BEGIN Data segment

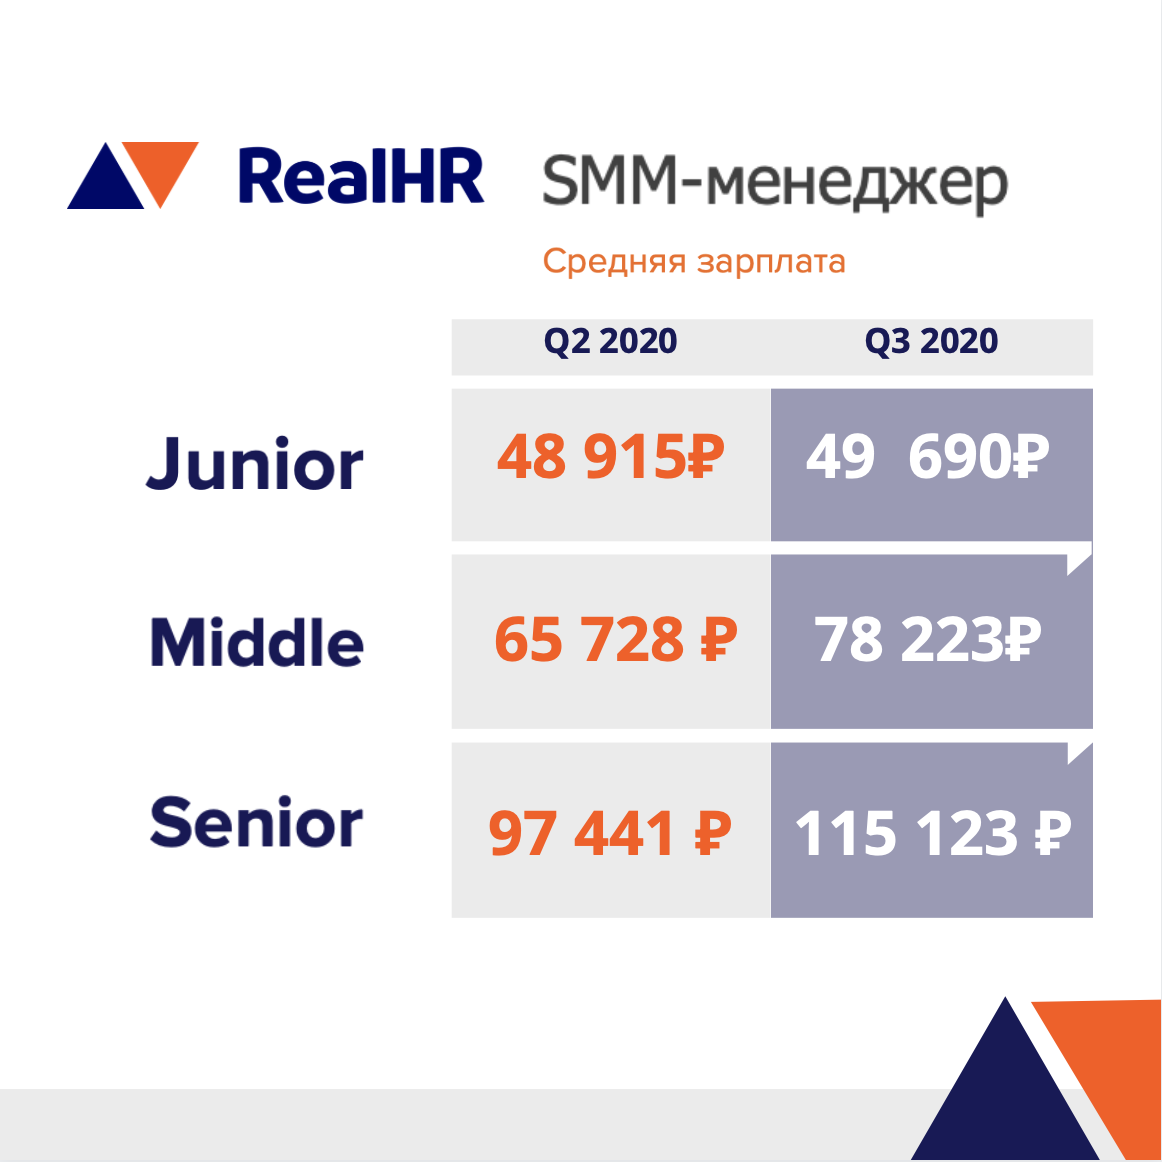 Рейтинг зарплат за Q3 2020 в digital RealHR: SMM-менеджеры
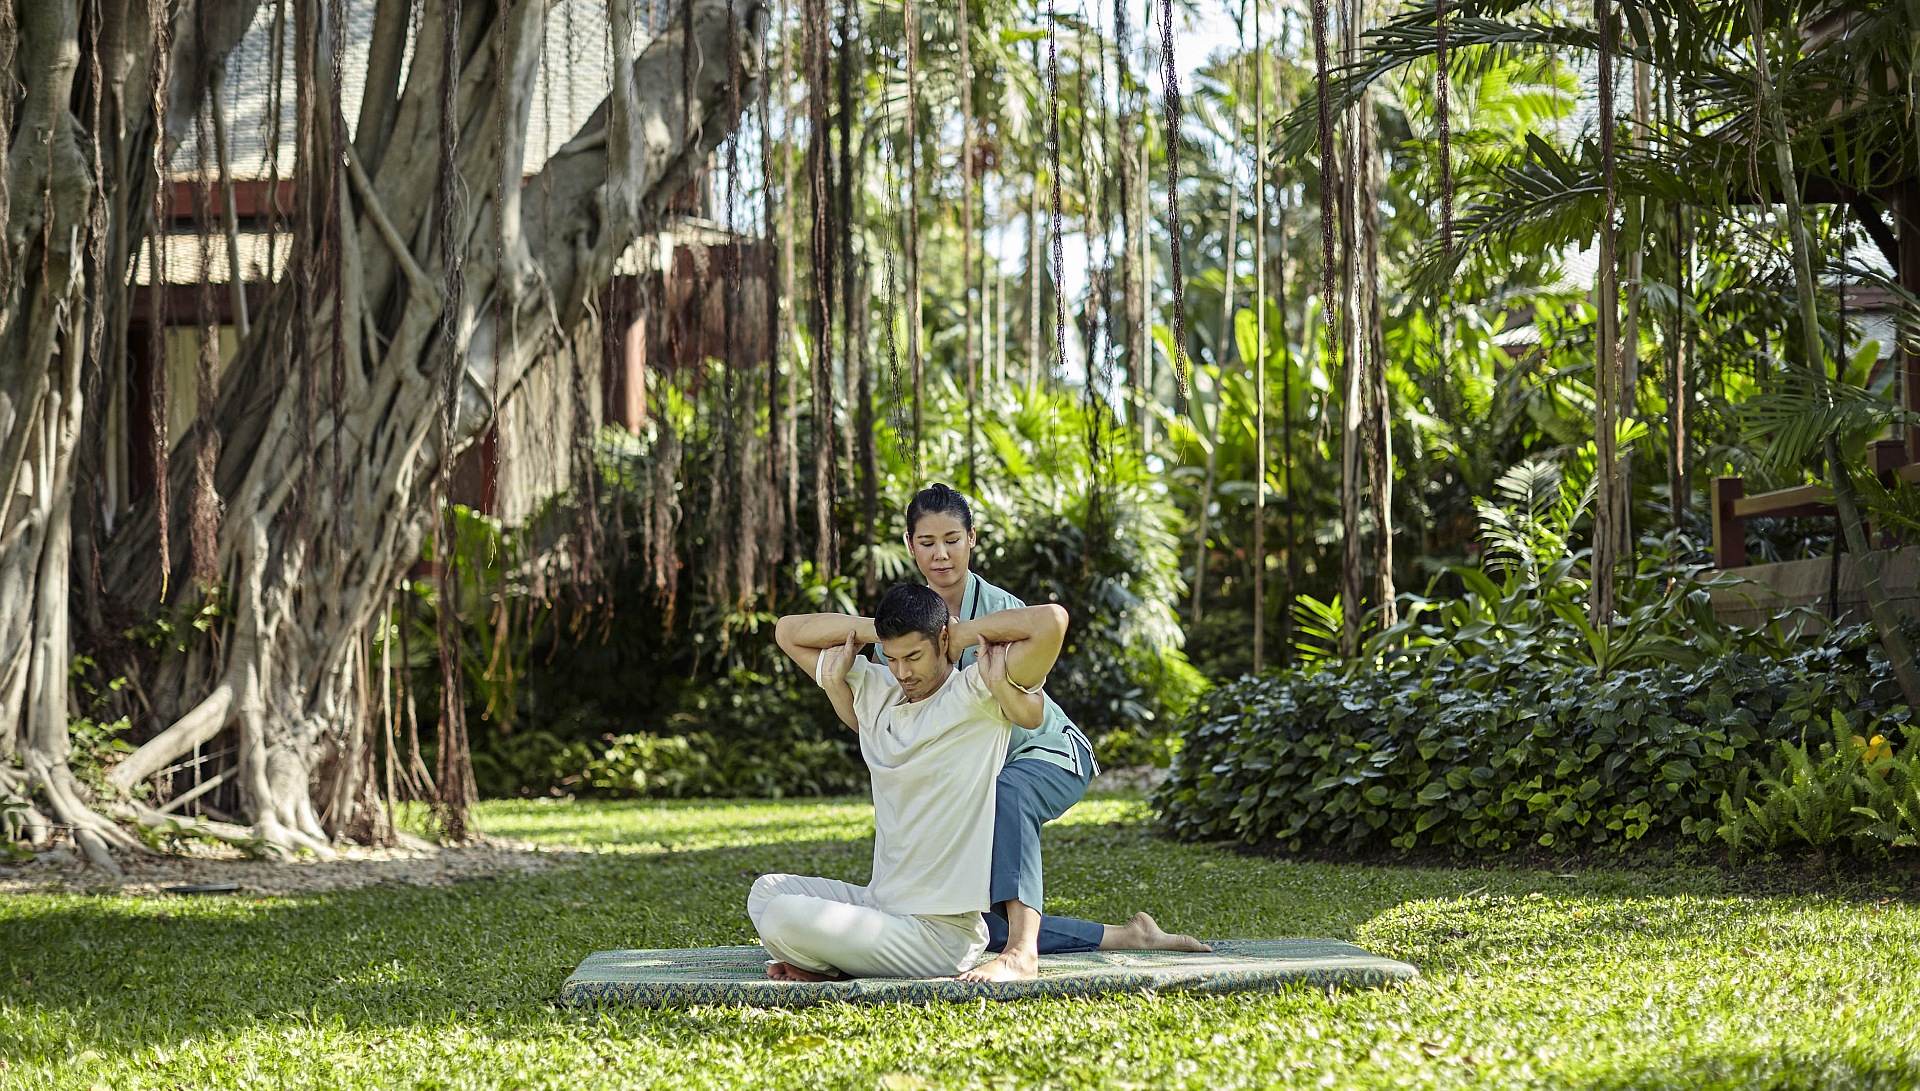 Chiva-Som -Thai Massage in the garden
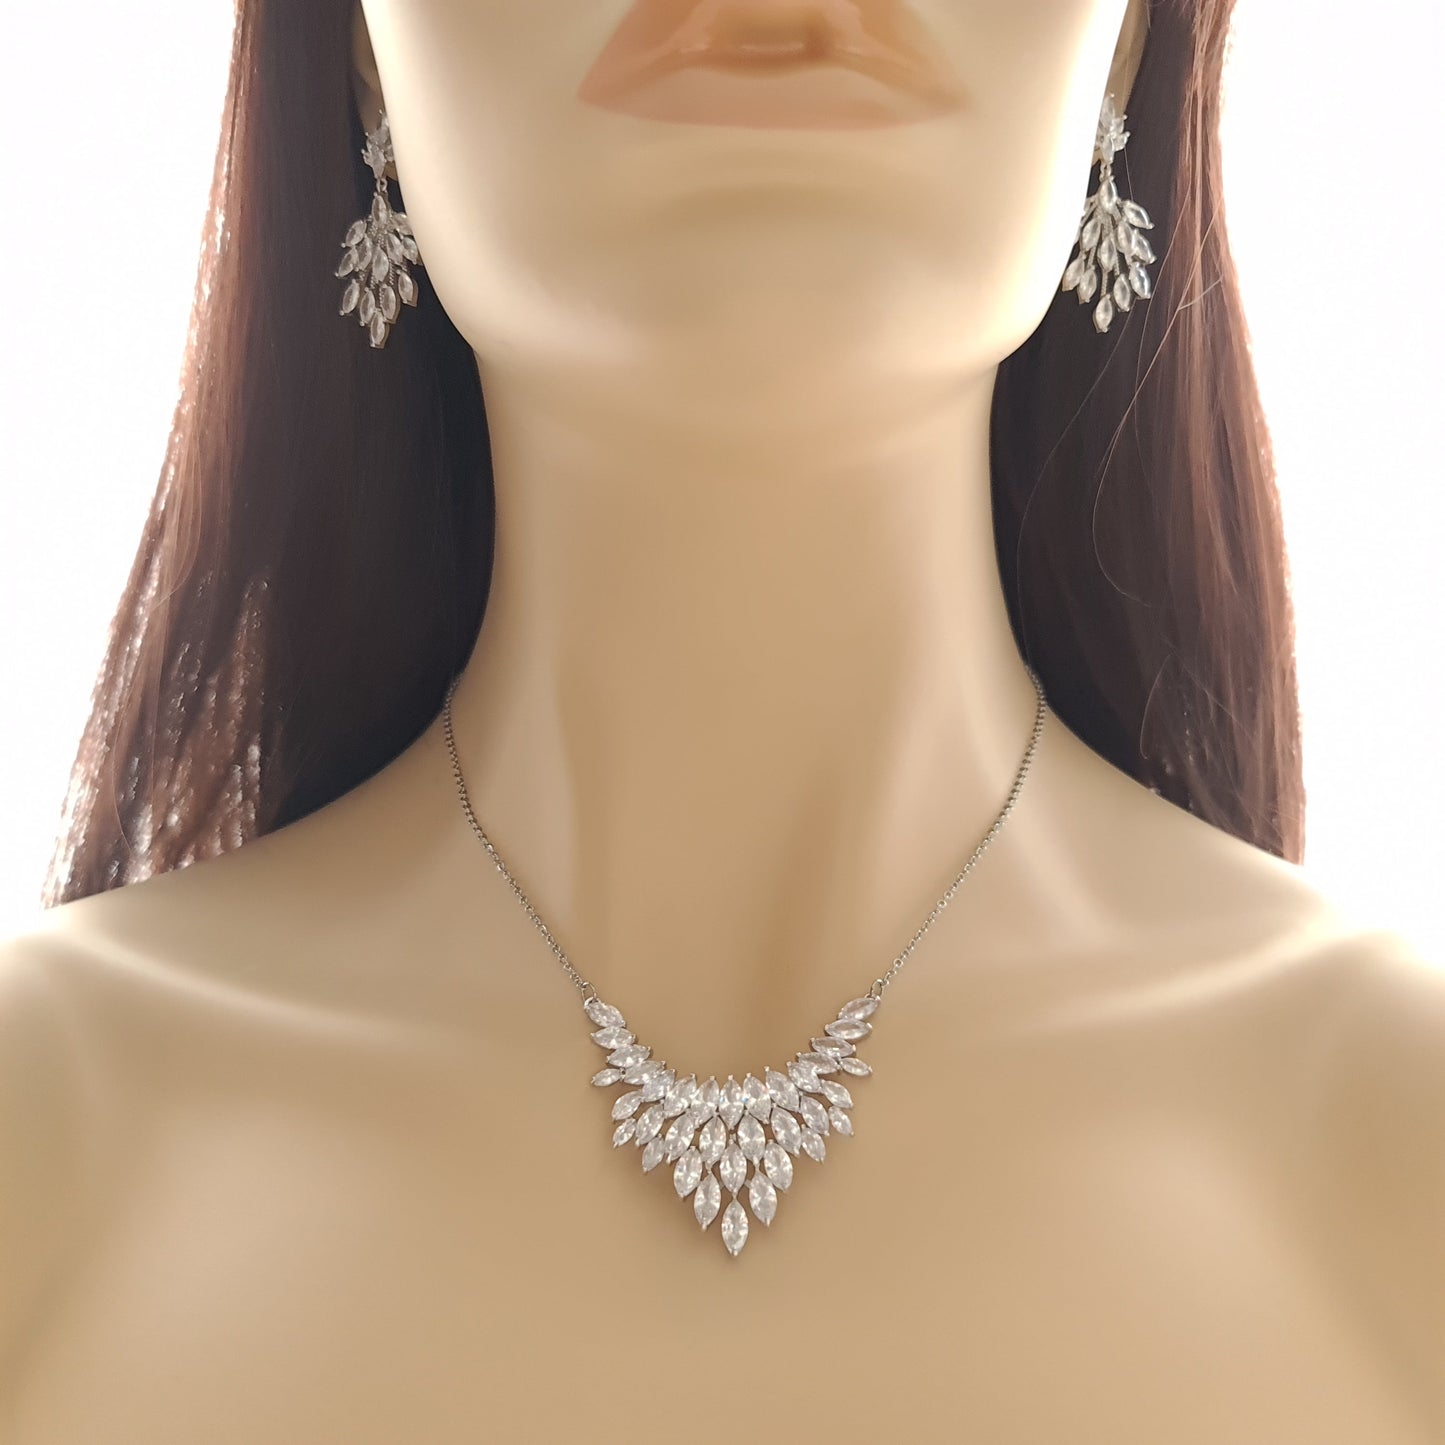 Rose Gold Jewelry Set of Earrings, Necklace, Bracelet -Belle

END Data segment

_Problem to solve_
The pictures should not be reproduced; quote all of the other material exactly.

_Exercise output_
 Рейтинг зарплат за Q3 2020 в digital RealHR: SMM-менеджеры
 Chiva-Som -Thai Massage in the garden
 Rose Gold Jewelry Set of Earrings, Necklace, Bracelet -Belle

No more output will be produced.